ドリーム(2017年・洋画)のイメージ
洋画2017年ドラマアメリカ

ドリーム

4.1/5当サイトの評価(5点満点)

重い題材を、気持ちよく観られる形にまとめた作品です。

ネタバレについて:この記事はネタバレなしで書いています。結末や物語の核心に触れる内容は載せていません。

作品データ

監督・共同脚本
セオドア・メルフィ
出演
タラジ・P・ヘンソン、オクタヴィア・スペンサー、ジャネール・モネイ、ケヴィン・コスナー
製作国
アメリカ
日本公開
2017年
受賞
米アカデミー賞 作品賞ノミネート
題材
1960年代のNASA

あらすじ(ネタバレなし)

1961年のバージニア州。NASAでは、コンピュータが普及する前の計算を人間が担っていました。その一部門を、黒人女性たちが支えています。

キャサリンは類まれな計算能力を買われ、宇宙特別研究本部へ配属されます。しかし白人男性ばかりの職場で、彼女が使えるトイレは800メートル先にしかありませんでした。

ドロシーは管理職の仕事をしながら役職を与えられず、メアリーは技術者になる資格を得るために裁判所へ向かいます。三人は、それぞれの方法で壁を越えようとします。

ここが見どころ

仕事映画としての面白さ

差別の話であると同時に、計算で問題を解いていく職業ものとして楽しめます。黒板の場面が気持ちいい。

トイレの距離

800メートル離れたトイレへ走る場面が繰り返されます。制度的な差別を、時間の無駄という具体で示したのが上手い。

先を読む姿勢

ドロシーが計算機の登場を見越してプログラミングを学ぶ筋が良い。抗議ではなく、技能で立場を作ります。

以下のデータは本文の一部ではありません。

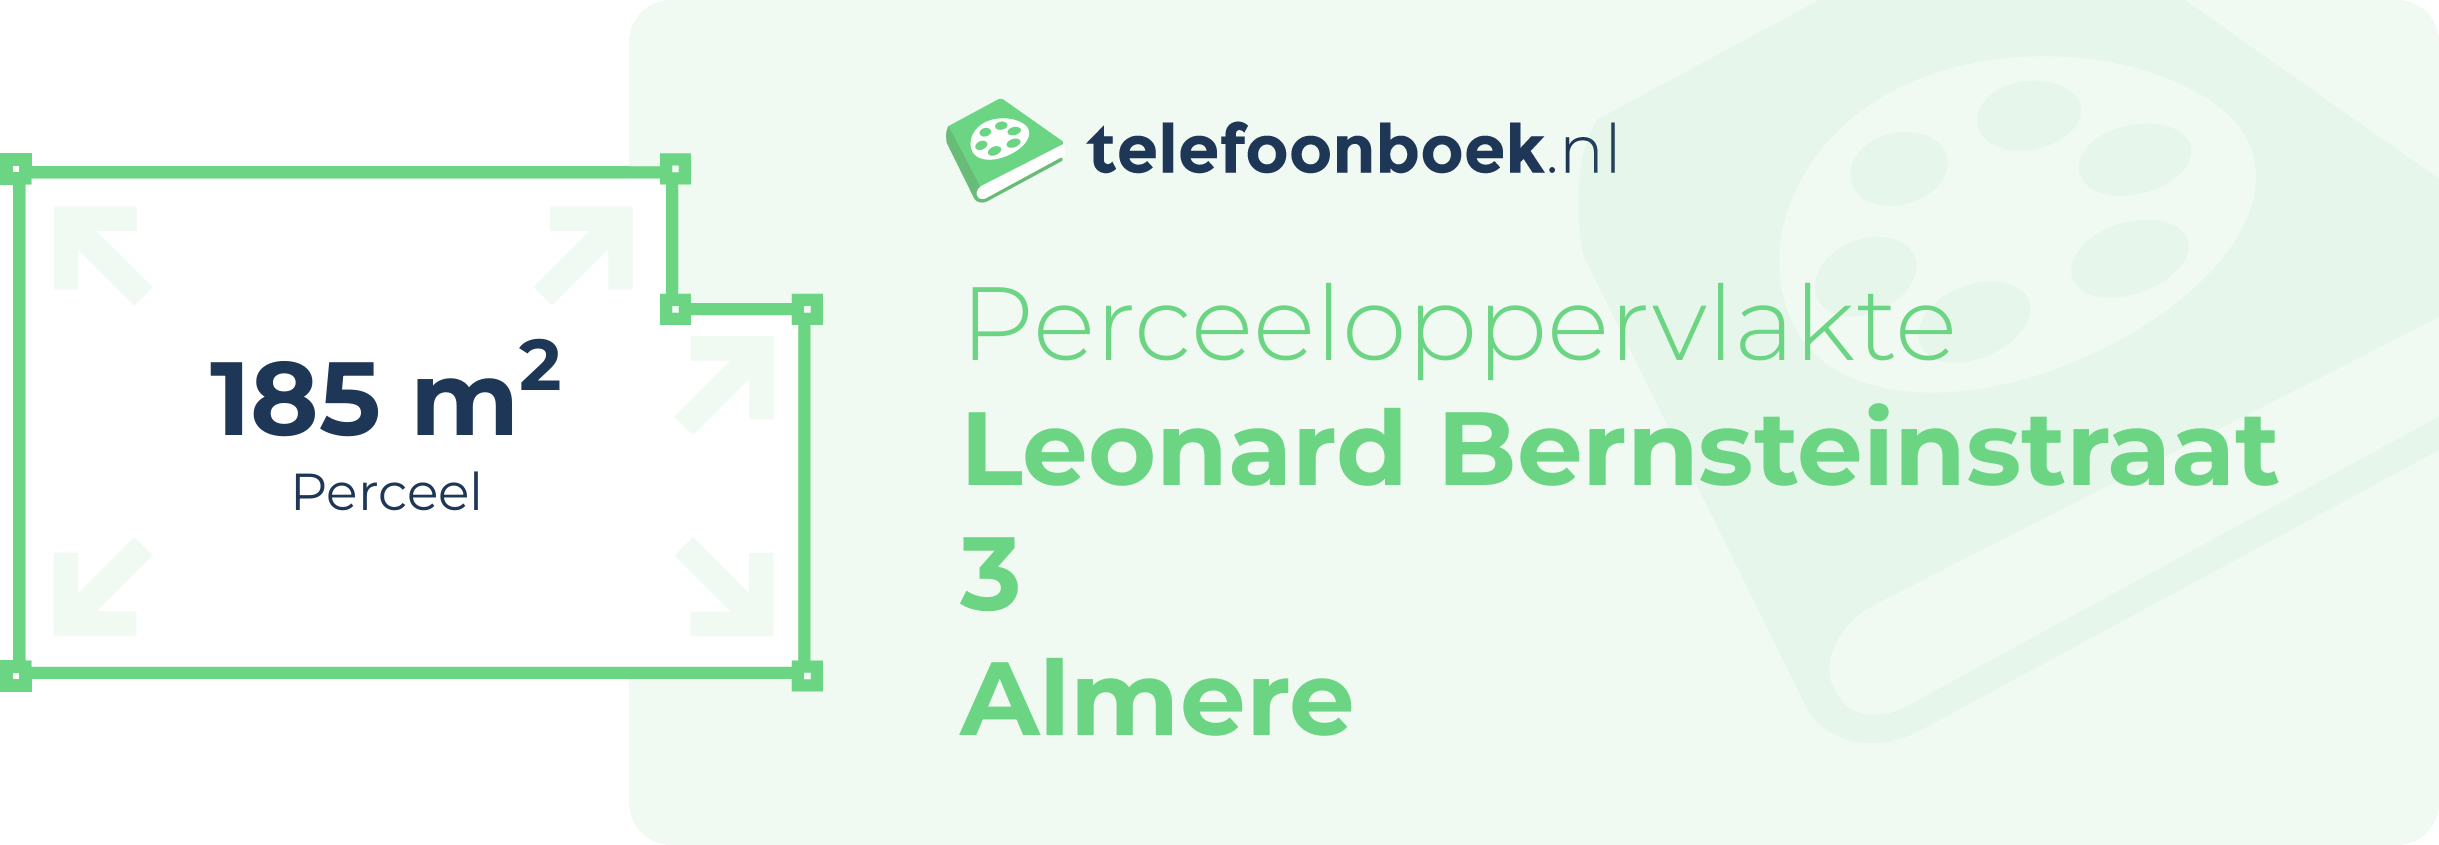 Perceeloppervlakte Leonard Bernsteinstraat 3 Almere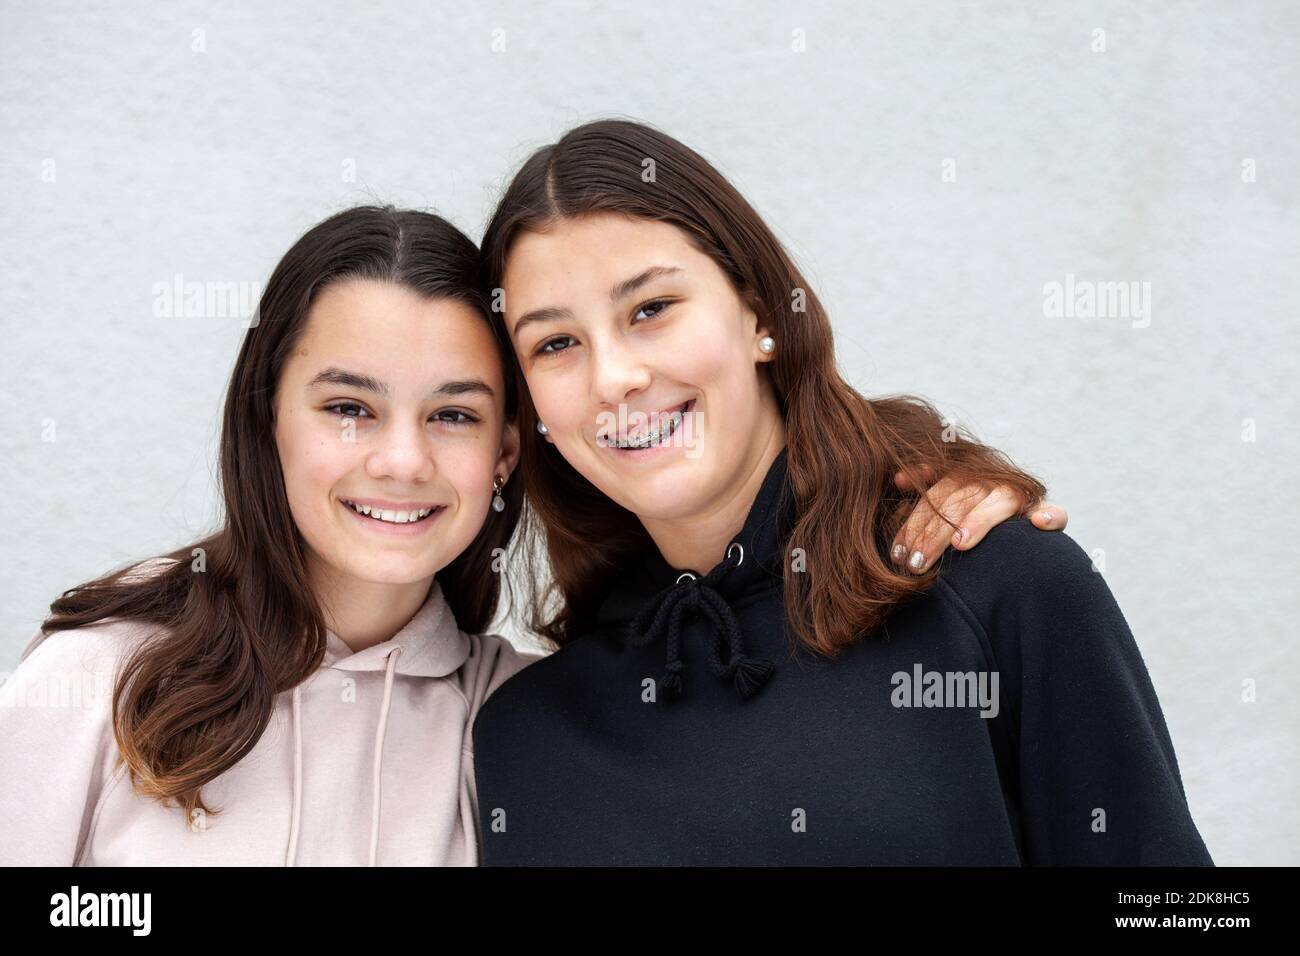 Portrait of smiling girls Stock Photo

この映画について:宇宙開発を支えた計算手は、黒人女性たちだった。

実話をもとにした作品です。差別を扱いながら、観たあとに気分が良くなるという珍しい作りをしています。

その理由は、三人が受け身でないからでしょう。彼女たちは常に何かを解いており、その結果として立場を変えていきます。

一方で、白人の上司が差別を撤廃する場面などは脚色が入っています。実際にはもっと当事者の努力によるものだったと指摘されており、この点は割り引く必要があります。

娯楽としての完成度は高い。入門として、また子どもと観る作品として適しています。

この作品の良さ

  • 職業ものとしての面白さ
  • 差別を具体的な不便として示す描写
  • 技能で立場を作る三人の造形
  • 重い題材を爽快にまとめた構成

当サイトの評価

4.1/5.0

宇宙開発を支えた計算手は、黒人女性たちだった。

項目別の採点(5点満点)
項目点数
脚本4.0
映像美4.0
音楽4.2
演技4.4
余韻4.2

世間ではどう評価されているか

米アカデミー賞
ノミネート 作品賞ほか3部門
題材
1960 年代のNASA
日本公開
2017

数字は2026年8月時点で確認できたものです。IMDbのスコアや公開中の作品の興行収入は、その後も変動します。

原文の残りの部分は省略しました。